The existing 8 bits R'G'B' pipeline looks like this:

     * Convert each image sample to a8r8g8b8
     * Extend grid in all directions according to repeat mode
     * Interpolate between samples according to filter
     * Transform
     * Resample
     * Combine
     * Store

Your patches add YCbCr support at the first stage in the sense that it
converts each Y sample to a8r8g8b8 using the nearest neighbor Cb and
Cr samples.

The problem with this scheme is that if we add bilinear interpolation
and support for MPEG-2 sampling structure, then those features would
also have to be added at the fetching stage. And then the later
interpolation stage would either do the wrong thing by interpolating
_again_, or it would have to be disabled and the fetch stage would
have to deal with fetching with transformed coordinates. Basically,
this gets really messy quickly.

Instead, we need to make some changes to the pipeline. A YCbCr image
is an RGB image that has had two things done to it:

     1. It was converted to YCbCr
     2. It had its Cb and Cr components subsampled

To get such an image back to RGB where we can composite with it, we
have to reverse each of those transformations: First we have to
reverse the subsampling, then we have to reverse the color coding.

Reversing subsampling is a form of interpolation, so it seems natural
to do it as part of the existing interpolation step. Since color
conversion has to happen after interpolation, this then implies that
the first stage can no longer be "convert to argb", but instead must
simply be "widen to 8 bits, while keeping the existing color coding".

The location of the chroma sample points varies from format to
format. This means that the interpolation code will have to apply
special adjustments when it computes which samples to use for any
given intermediate point.

The new pipeline then looks like this:

      * Widen to 8 bit components
      * Extend 
      * Interpolate between samples according to filter
      * Transform
      * Convert to RGB coding
      * Resample
      * Combine
      * Store

The PIXMAN_COLOR_SPACE_YCBCR_* entries in the pixman_color_space_t
enum in the branch would be used in the 'Convert to RGB coding' stage.

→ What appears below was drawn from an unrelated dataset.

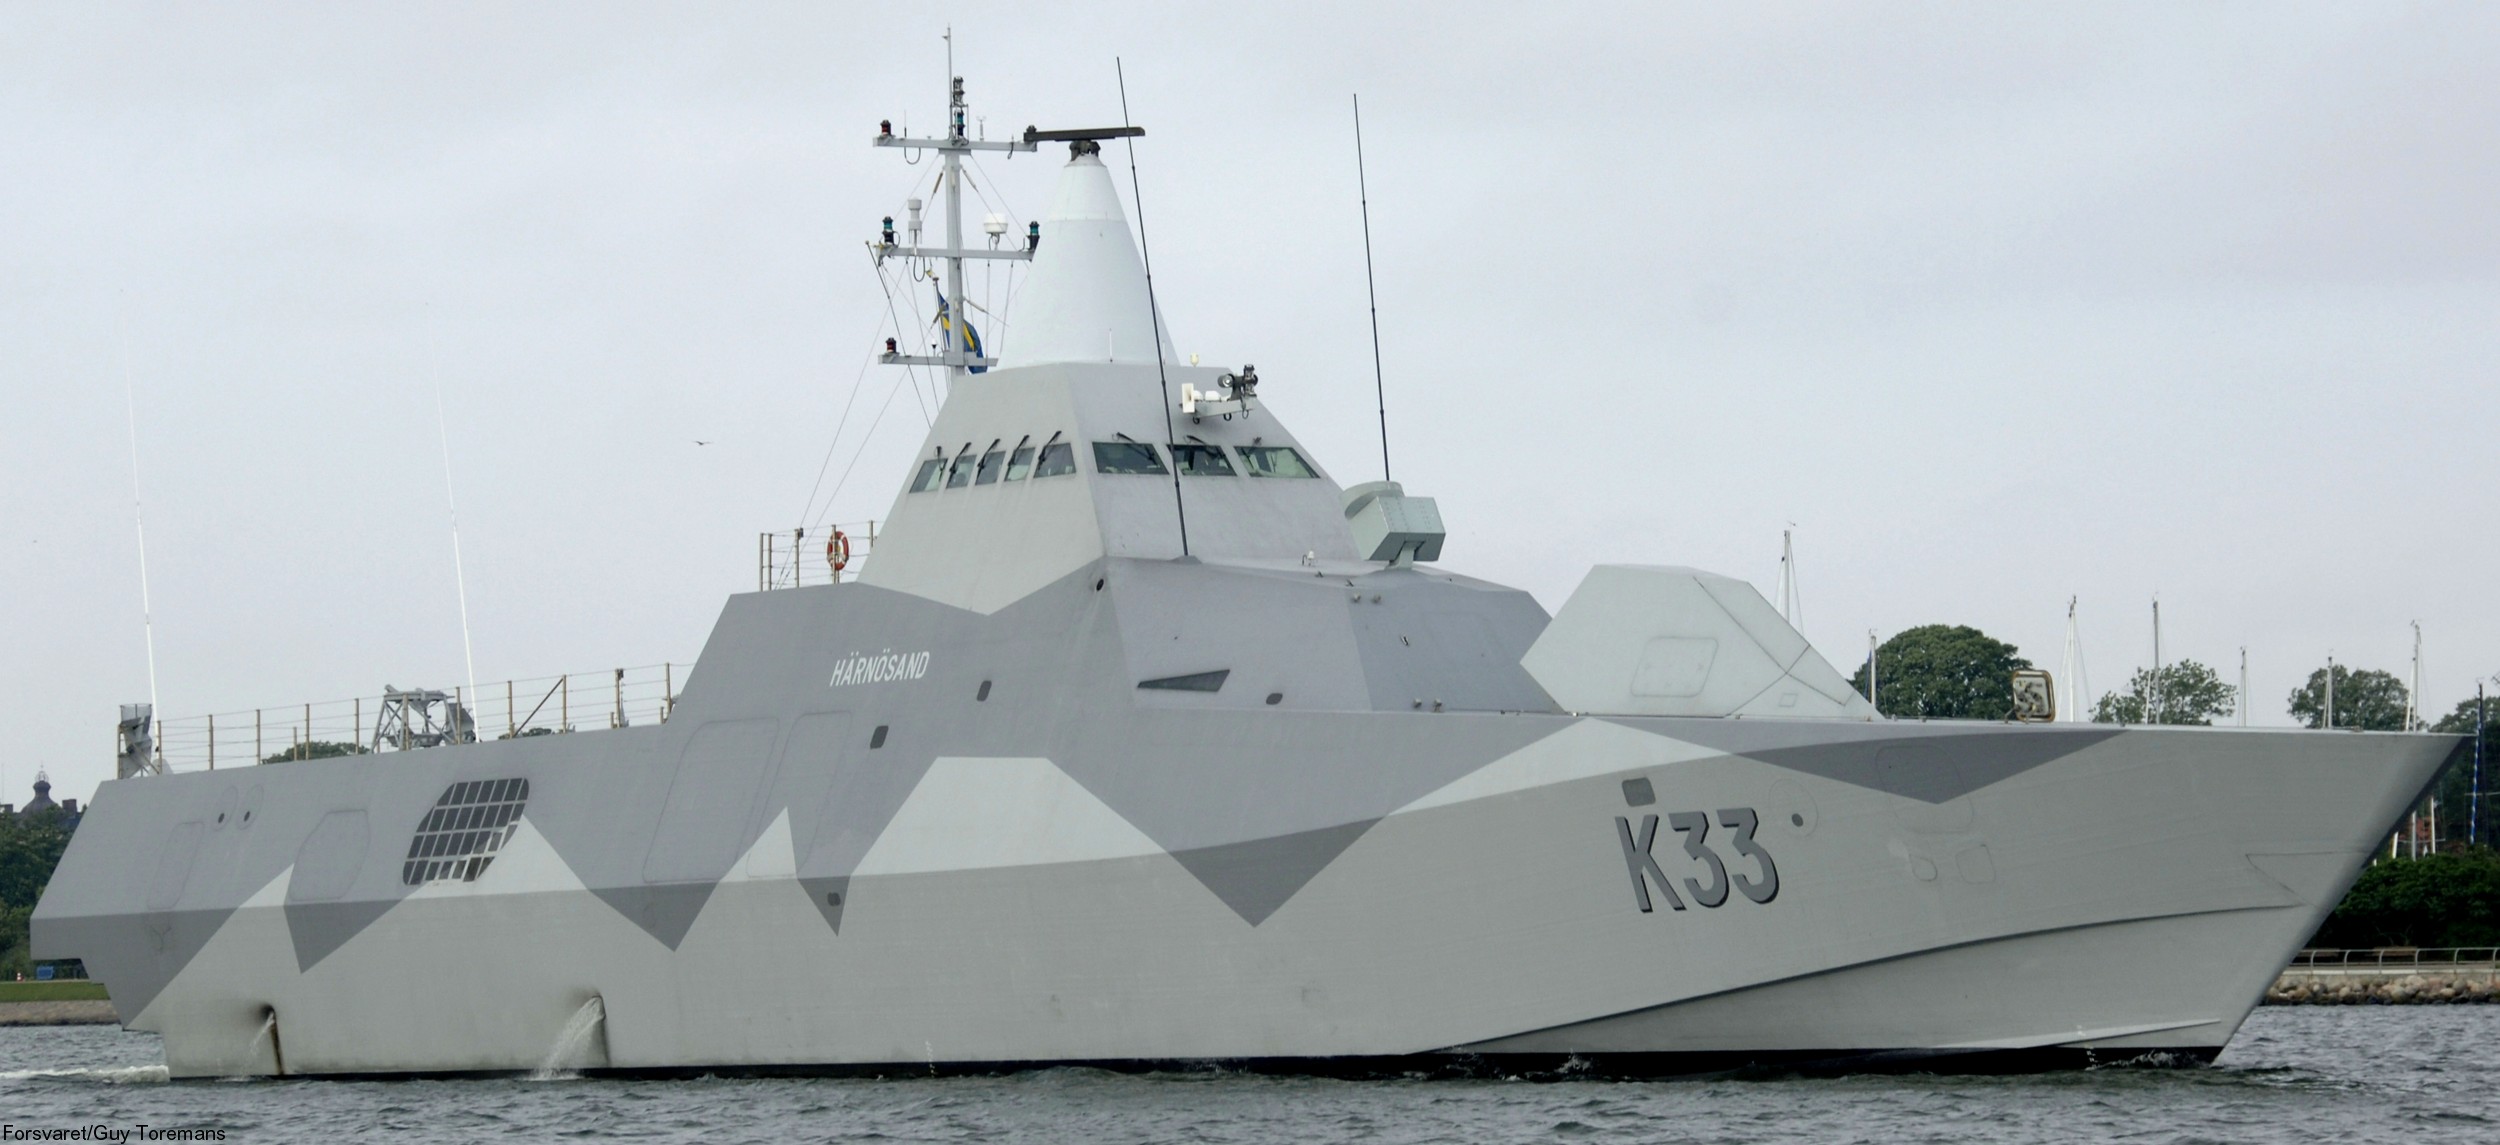 k33 hswms hms harnosand visby class corvette royal swedish navy svenska marinen 21

But the PIXMAN_COLOR_SPACE_ARGB_UNMULTIPLIED doesn't fit in here
because premultiplication is something that has to happen _before_
interpolation, whereas color decoding needs to happen after. This
suggests to me that those two things don't belong in the same enum. I
do think support for unpremultiplied formats is worthwhile, but it
seems orthogonal to YCrCb support.

In practical terms, the above means YCrCb processing will have to go
through the bits_image_fetch_transformed() path and that the
fetch_scanline() and fetch_pixel() function pointers should be
considered *sample* fetchers that simply widen and complete the
samples wrt. their existing color coding, but doesn't try to do
interpolation or color conversion. The x and y coordinates passed to
them must then always be integers and refer to samples. If you pass
(1, 1) to one of those fetchers, the result will be the second sample
on the second row of the component in question.

It is then the job of the code in fetch_transformed() to ask the
fetchers for the correct samples for a given pair of (fractional)
coordinates, and then interpolate between those samples.

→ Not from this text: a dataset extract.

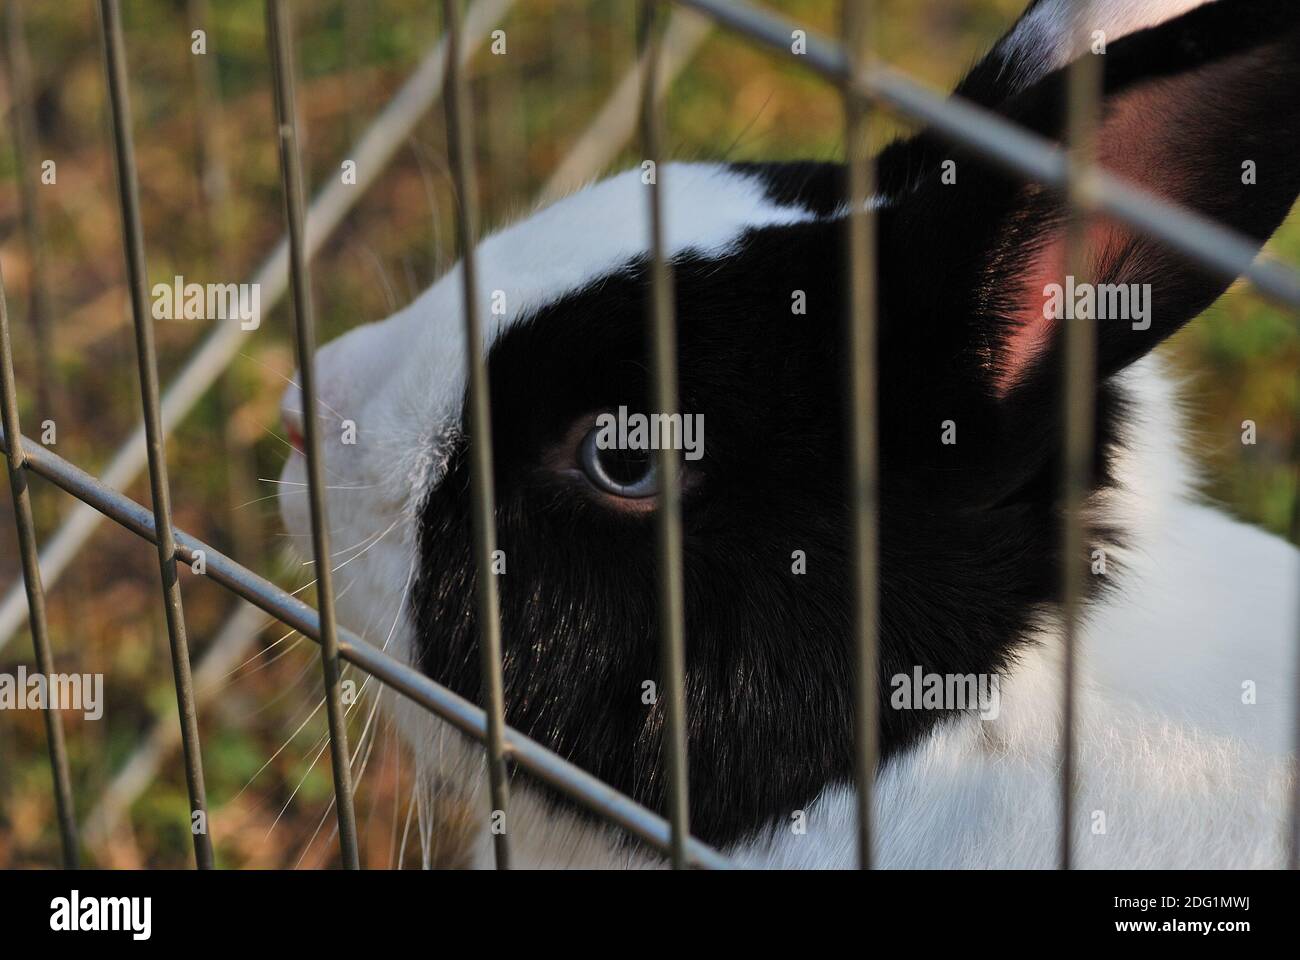 Black rabbit grid Stock Photo
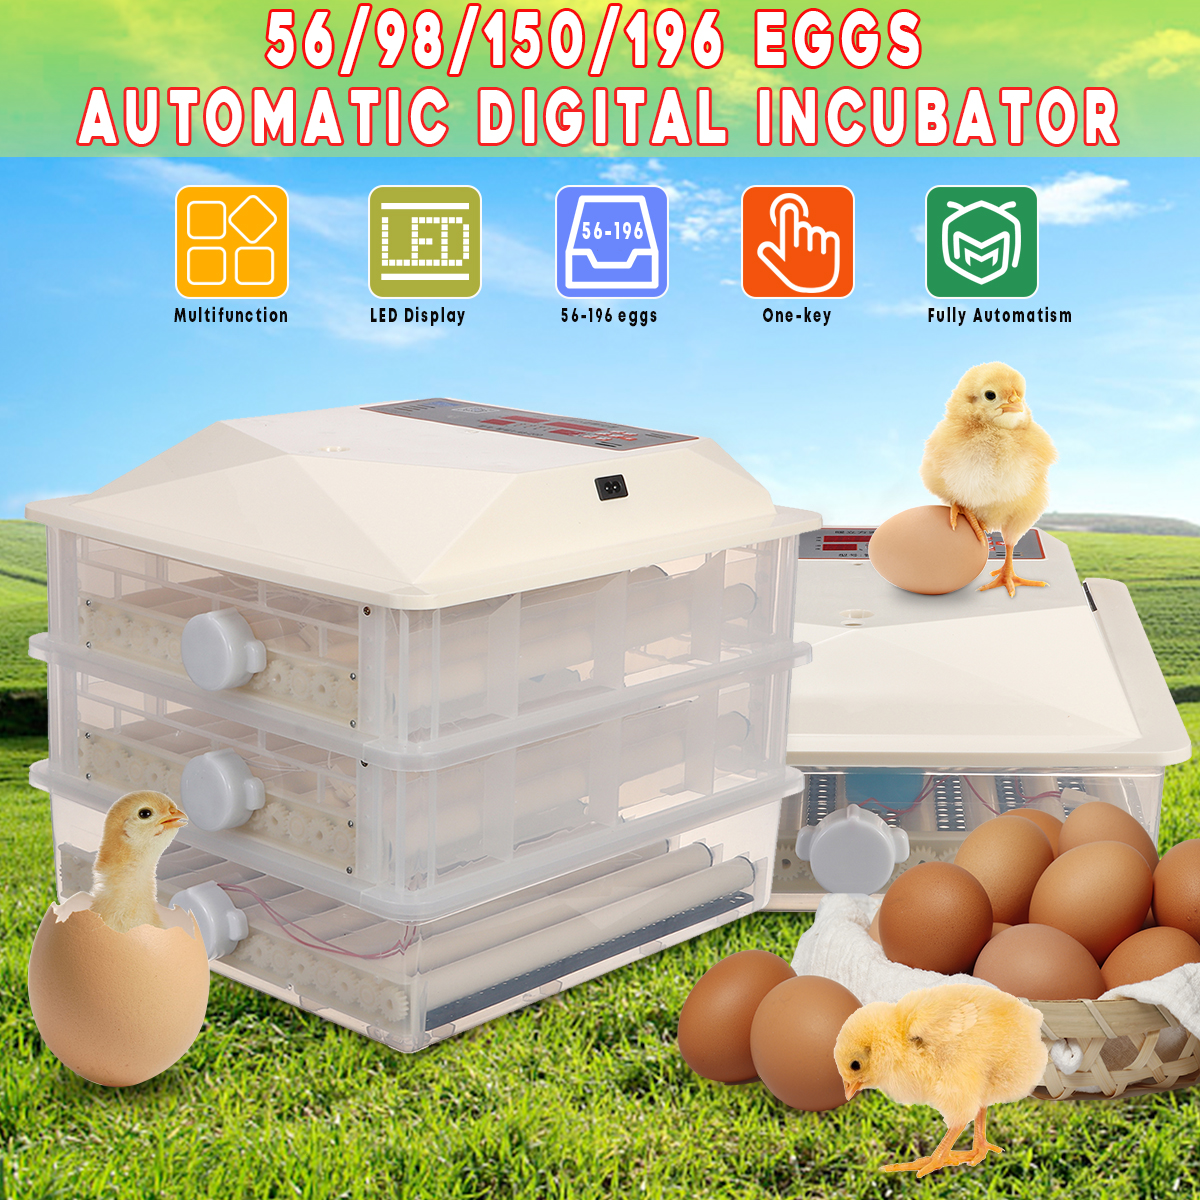 Digital-5698150196-Egg-Incubator-Hatcher-Bird-Chicken-Duck-Automatic-Turning-LED-Display-1589046

Since the color doing will have to be preserved all the way up to the
fetch_transformed() stage, we will need separate fetchers for the Y,
Cb and Cr components. The transforming code path will have to figure
out which fetchers to use.

In principle we could have separate A, R, G, B fetchers as well, but
we can leave that alone for now since we don't have subsampled argb
formats.

So the way I'd write this code is to add a new enum

    COMPONENT_ARGB
    COMPONENT_Y
    COMPONENT_CB
    COMPONENT_CR

in pixman-bits-image.c and then extend the various
fetch_pixel_<filter> to take that enum as an argument.

The bits_image_fetch_pixel_filtered() function then is extended to
check the color coding for the image in question and if it is YCbCr,
fetch the three components separately and then do the color
conversion. Ie.,

    if (is_ycbcr)
    {
        x_Y, y_Y = x, y;

        x_Cb, y_Cb = (adjust for subsampling structure);
        x_Cr, y_Cr = (adjust for subsampling structure);
    }

    switch (image->common.filter)
    {
    case PIXMAN_FILTER_NEAREST:
    case PIXMAN_FILTER_FAST:
        if (is ycbcr)
        {
            y = fetch_nearest (COMPONENT_Y, x, y);
            cb = fetch_nearest (COMPONENT_CB, x_Cb, y_Cb)
            cr = fetch_nearest (COMPONENT_CR, x_Cr, y_Cr);

            return color_convert (image, y, cb, cr);
        }
        else
        {
            return fetch_nearest (image, COMPONENT_ARGB, x, y);
        }
        break;

        ...;
    }

where get_pixel() then finally picks the right fetcher to use
based on the enum value.

Maybe your idea of eliminating the get_pixel() altogether and just use
fetch_scanline() with a length of one could make this simpler.

Thanks,
Soren